人工智能的快速采用和云服务提供的便利性导致了对云中的gpu的需求不断增长。一般情况下，gpu作为PCIe设备物理绑定到主机服务器上。但是，主机服务器和gpu的固定组装组合在资源利用、升级和维护方面效率极低。针对这些问题，提出了GPU解聚技术，将GPU与主机服务器解耦。它将GPU聚合成一个池，并根据用户需求分配GPU节点。但是现有的GPU解聚系统在软硬件兼容性、解聚范围、容量等方面存在缺陷。在本文中，我们提出了一种新的数据中心规模的GPU分解实现，称为DxPU。DxPU有效地解决了上述问题，并可根据用户需求灵活分配任意数量的GPU节点。为了理解DxPU带来的性能开销，我们为AI特定工作负载建立了一个性能模型。在建模结果的指导下，我们开发了一个原型系统，该系统已部署到一家领先的云提供商的数据中心进行测试运行。我们还进行了详细的实验来评估系统造成的性能开销。结果表明，在大多数用户场景下，与本地GPU服务器相比，DxPU的开销小于10%。

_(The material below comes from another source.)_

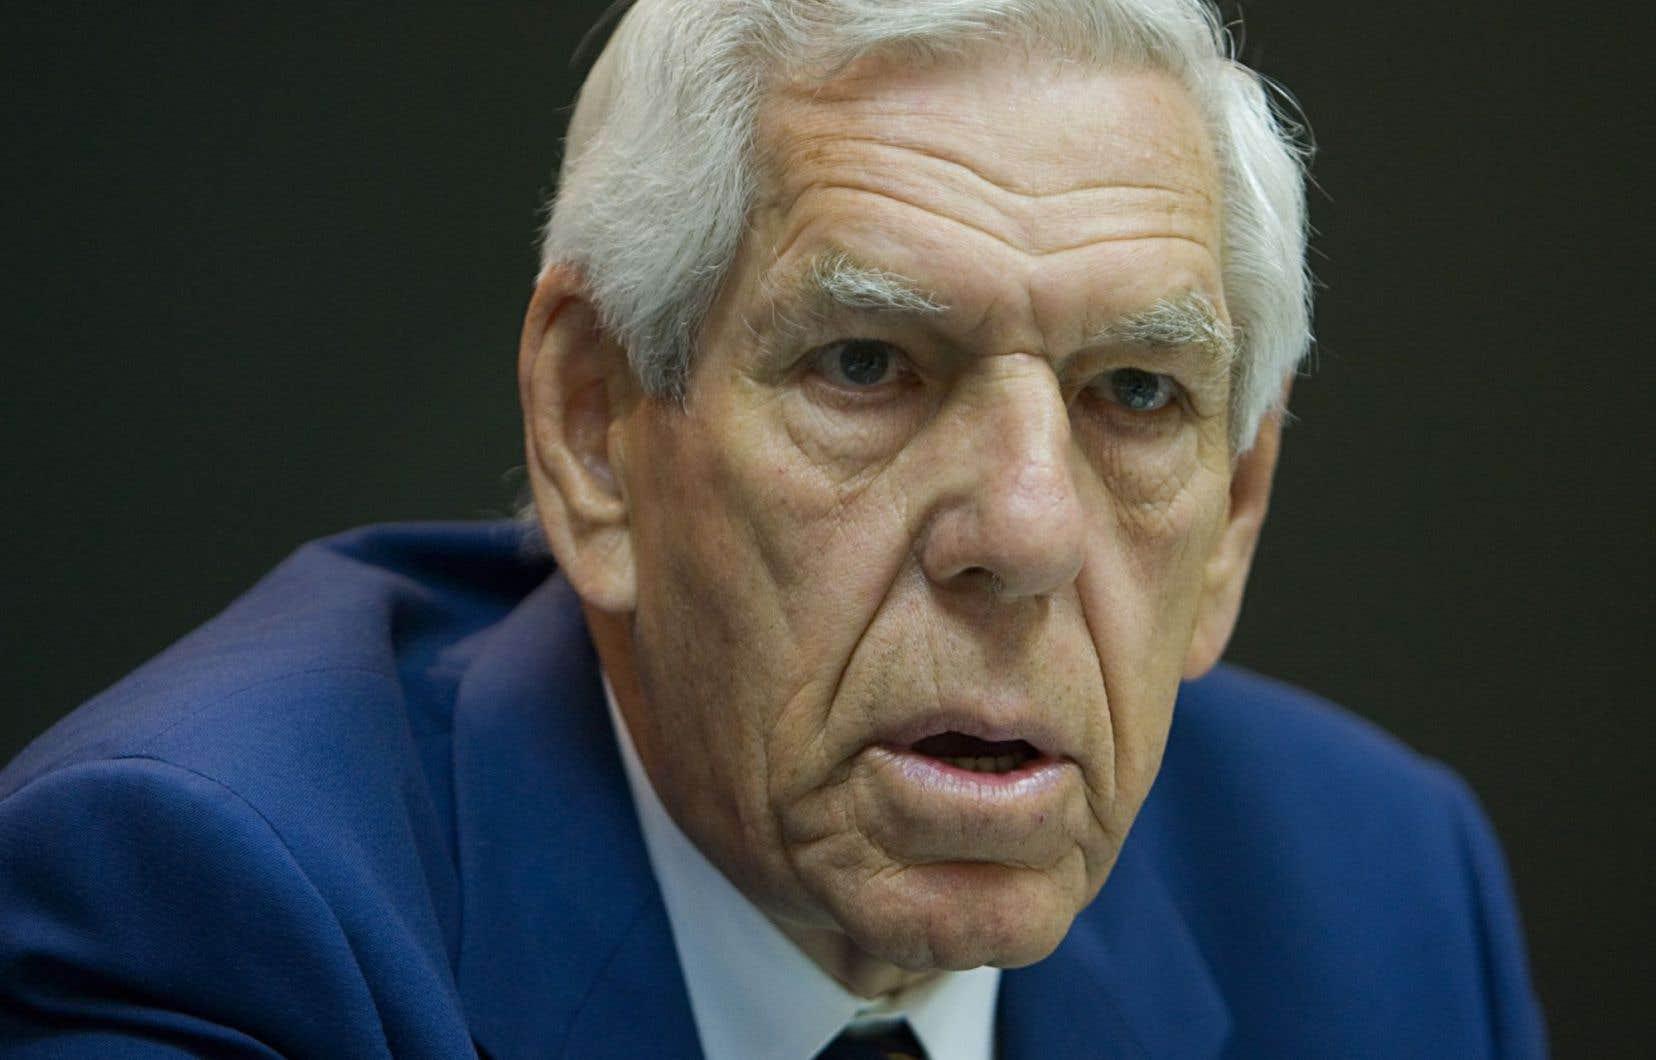 La réforme du ministre Gaétan Barrette n'est pas la voie à prendre en santé, dit Claude Castonguay.

本文章由计算机程序翻译，如有差异，请以英文原文为准。

求助全文

约1分钟内获得全文求助全文

来源期刊

ACM Transactions on Architecture and Code Optimization 工程技术-计算机：理论方法

CiteScore

3.60

自引率

6.20%

发文量

审稿时长

6-12 weeks

期刊介绍： ACM Transactions on Architecture and Code Optimization (TACO) focuses on hardware, software, and system research spanning the fields of computer architecture and code optimization. Articles that appear in TACO will either present new techniques and concepts or report on experiences and experiments with actual systems. Insights useful to architects, hardware or software developers, designers, builders, and users will be emphasized.